- **Work item**: Retype only the lines below from the one with "Chess-Championship Results Show" to the one with "Photo of two", inclusive, skipping every image.

- **Dataset excerpts**:

....

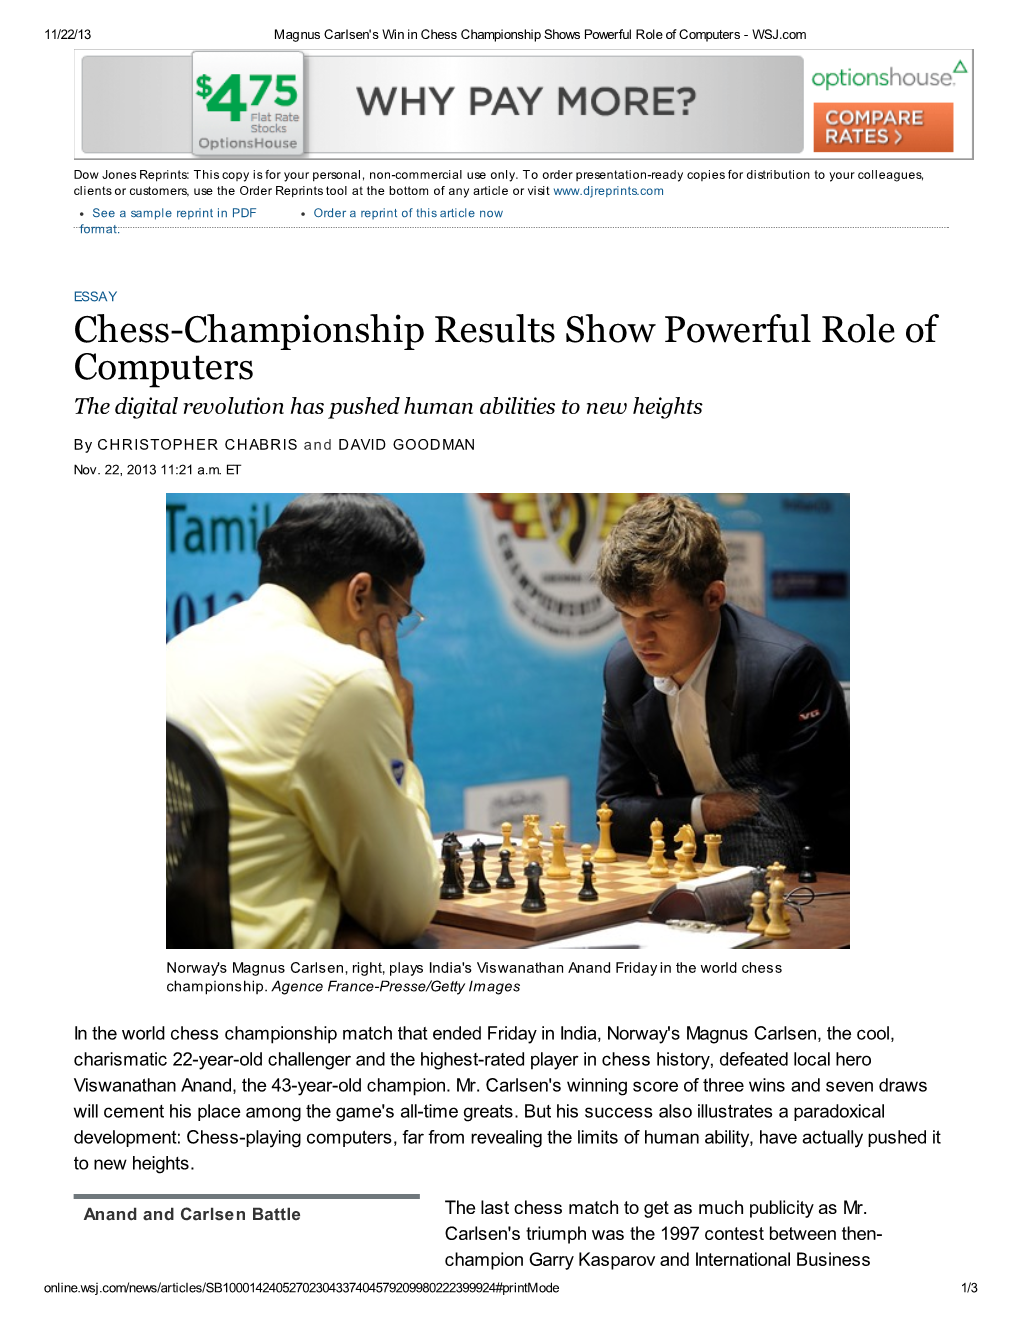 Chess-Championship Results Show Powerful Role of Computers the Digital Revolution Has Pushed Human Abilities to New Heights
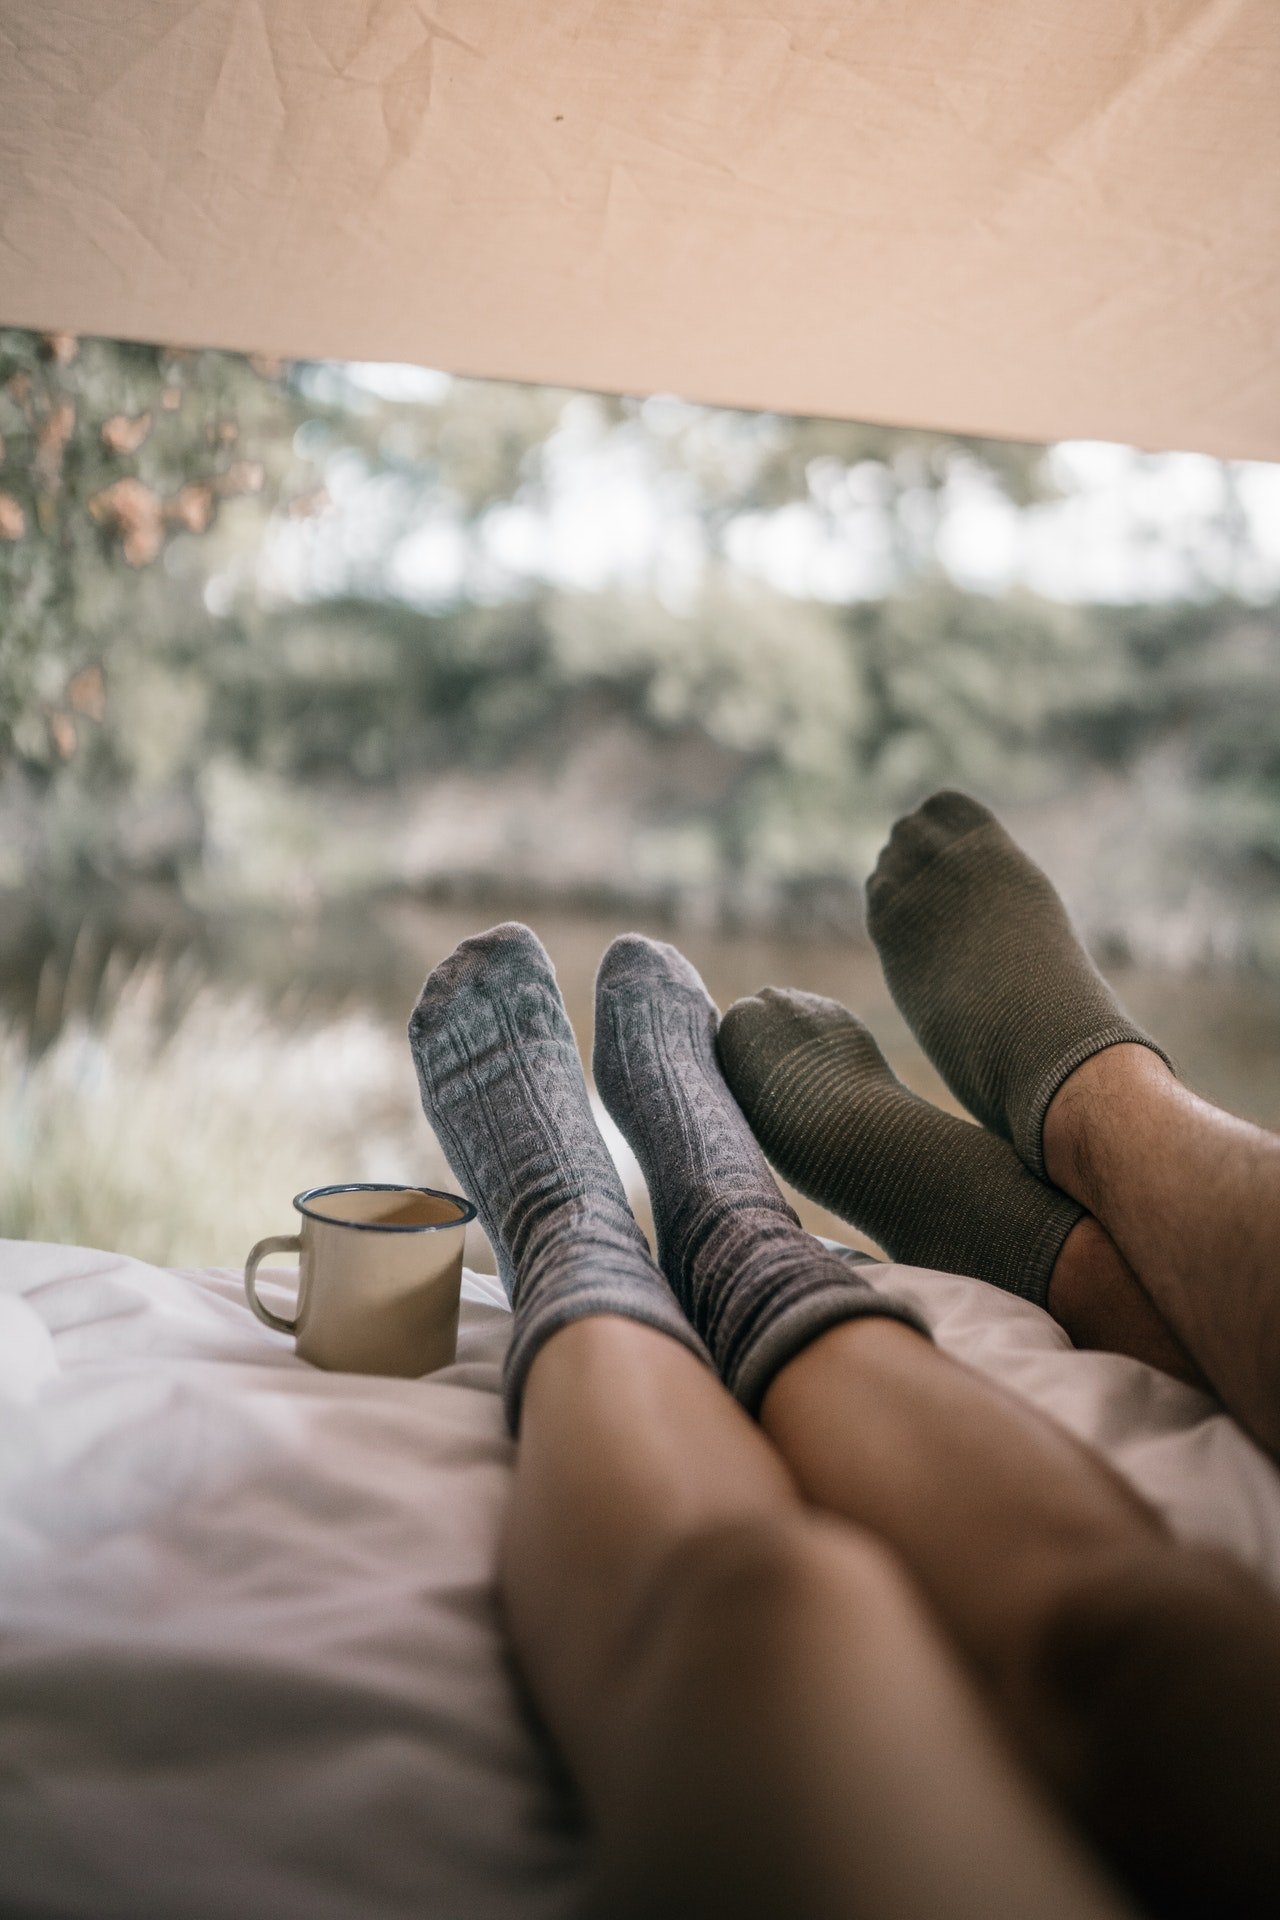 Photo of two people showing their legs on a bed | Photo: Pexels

....

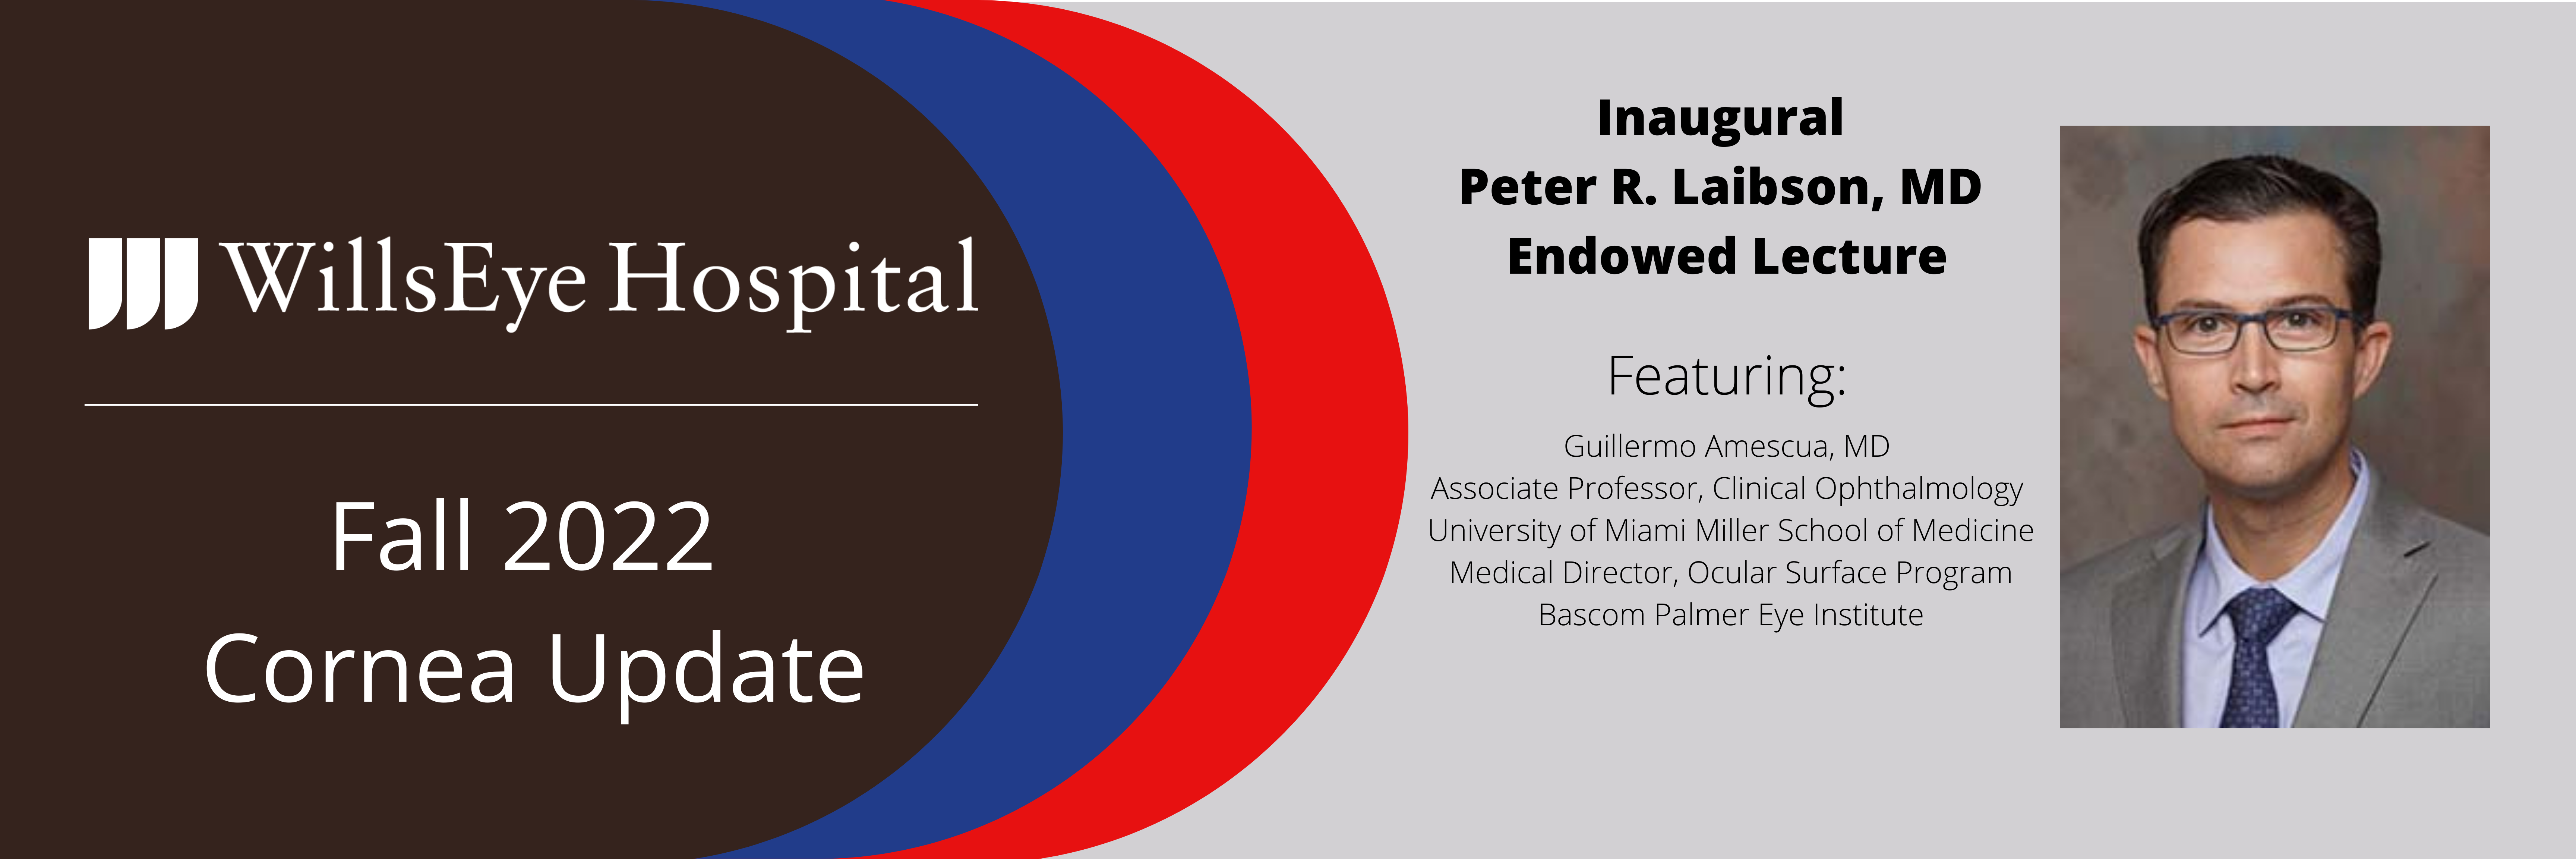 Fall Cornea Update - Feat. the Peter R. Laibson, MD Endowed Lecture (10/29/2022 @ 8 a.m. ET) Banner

....

- **Task solution**:
 Chess-Championship Results Show Powerful Role of Computers the Digital Revolution Has Pushed Human Abilities to New Heights
 Photo of two people showing their legs on a bed | Photo: Pexels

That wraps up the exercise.